Palm oil (Q&A)

Last Updated : 20 September 2013
Table of contents

    Frequently asked questions 

    1. What is palm oil?

    Palm oil is an edible vegetable oil produced from the pulp of the fruits of palms and that is solid at room temperature. The fleshy pulp contains about 50% oil. Crude palm oil has a red colour owing to its high carotenoid content. In Europe, palm oil is usually sold and consumed in its refined form, i.e. after it has been bleached and deodorised. Most carotenoids are lost during refining. It should not be confused with palm kernel oil derived from the kernel of the same fruit, or coconut oil derived from the kernel of the coconut palm.

    Crude palm oil contains 'minor' compounds: vitamin E, phytosterols and phenolic compounds. All vegetable oils contain vitamin E in varying amounts and different forms, but palm oil has the distinctive feature of largely containing tocotrienols and tocopherols with high vitamin E activity. The refining process causes some vitamin E loss.

    2. Which products contain palm oil?

    About 80 % of the palm oil produced is used in the food industry globally. It can be found in a wide range of food products such as cooking oils, margarine, fats for baking, pastries, biscuits, ice cream and various other kinds of foods.

    3. Why is palm oil used?

    Palm oil has specific functional properties that make it an important ingredient in food manufacturing. It contributes to taste, heat stability, resistance to oxidation, texture and smoothness. Importantly, palm oil virtually contains no trans fatty acids. In recent years the replacement of partially hydrogenated vegetable oils, a source of trans fatty acids, has led to an increased use of palm oil to lower trans fatty acids in foods. No other vegetable fats naturally solid at room temperature and providing the same features exist in sufficient quantity.

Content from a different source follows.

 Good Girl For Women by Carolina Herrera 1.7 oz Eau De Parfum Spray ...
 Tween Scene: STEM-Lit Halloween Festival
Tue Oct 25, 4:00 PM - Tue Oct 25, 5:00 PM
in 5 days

    4. How much palm oil do we consume and what are the recommendations?

    No Europe-wide data seem to exist on palm oil consumption. In France, current palm oil consumption is estimated at 5.5 g per person per day, or 2 kg per person per year (based on disappearance data, i.e. a hypothetical balance between import and export of finished products containing palm oil; actual intake is likely to be lower). This represents around 6 % of total fat consumption in French adults aged 18 to 79, which is considered to be low. The estimate equals a consumption of saturated fatty acids from palm oil of around 2.7 g per person, per day. In comparison, a person with a daily energy need of 2000 kilocalories is recommended to not exceed about 20 g of saturated fats per day.

    Reports of recent surges in palm oil consumption are linked to the phasing out of partially hydrogenated vegetable oils, which are a source of undesirable trans fats (note that fully hydrogenated oils do not contain any trans fats).

    5. Is the consumption of palm oil a health concern?

    There are no health concerns specific to palm oil. The relation between nutrition and health must be considered over the whole diet and not in terms of single food items. Exceeding recommended intakes for saturated fat – from any source – is undesirable.

    Palm oil contains 50% saturated fat, which compares favourably to the saturated fat content of other fats of similar application: coconut (92%), palm kernel (84%), butter (66%), cocoa butter (62%) and tallow (54%). Moreover, in food products palm oil is often used together with other fats and oils which together determine the fatty acid composition and eventually the effects on health. All oils and fats contain both saturated and unsaturated fatty acids.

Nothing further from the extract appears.